Two reference assemblies from male golden eagles (ZZ), one in 1142 scaffolds and one assembled to chromosome level (GenBank Assembly Accession numbers: GCA_000766835.1 and GCA_900496995.2, respectively) and female chicken (ZW) (GenBank Assembly Accession: GCA_0000023315.3) were downloaded from NCBI and used in the analysis (Doyle et al., 2014; Hillier et al., 2004).
The white-tailed eagle RADseq data was demultiplexed, sorting sequence reads into individual files, both for forward and reverse sequences using the command process_radtags in Stacks (Catchen et al., 2013; Catchen et al., 2011). Standard setting was used for the RADseq data, applying the option “r”, to rescue barcodes and RAD-Tags.

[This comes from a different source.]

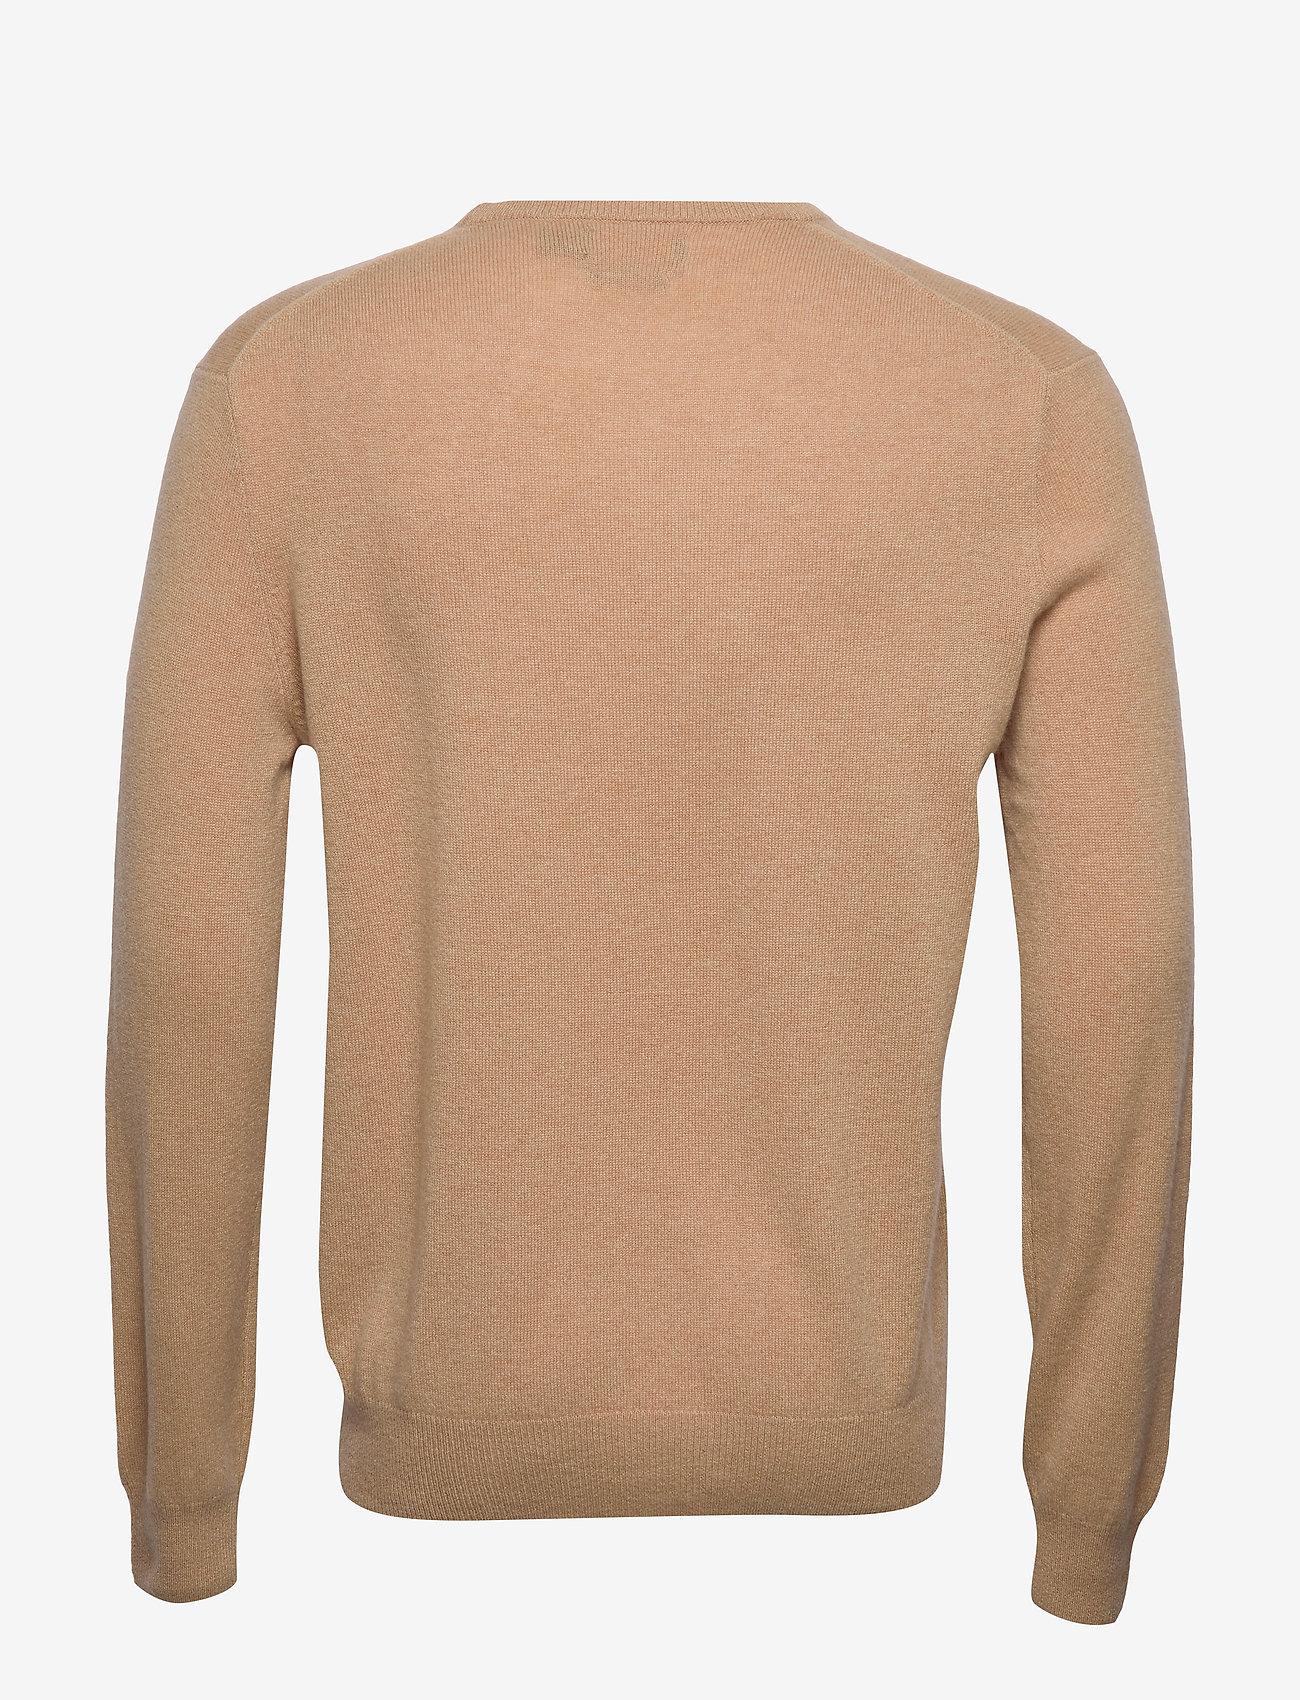 Polo Ralph Lauren Washable Cashmere Sweater - Knitwear

After demultiplexing, FastQC (Babraham Bioinformatics, 2010) was run for quality control. For the RADseq data, we found an excess of specific sequences (kmers) which were removed using AdapterRemoval v2 (version 2.2.2) (Schubert, Lindgreen & Orlando, 2016). The high depth shotgun sequenced individuals were tested in the same way but found no excess of kmers.
The Burrows-Wheeler Aligner (BWA) and SAMtools (Li & Durbin, 2009; Li et al., 2009) were used to process RADseq and high depth shotgun data and map reads to the golden eagle scaffold assembly of 1142 scaffolds with no identified chromosomes (GCA_000766835.1) (Doyle et al., 2014).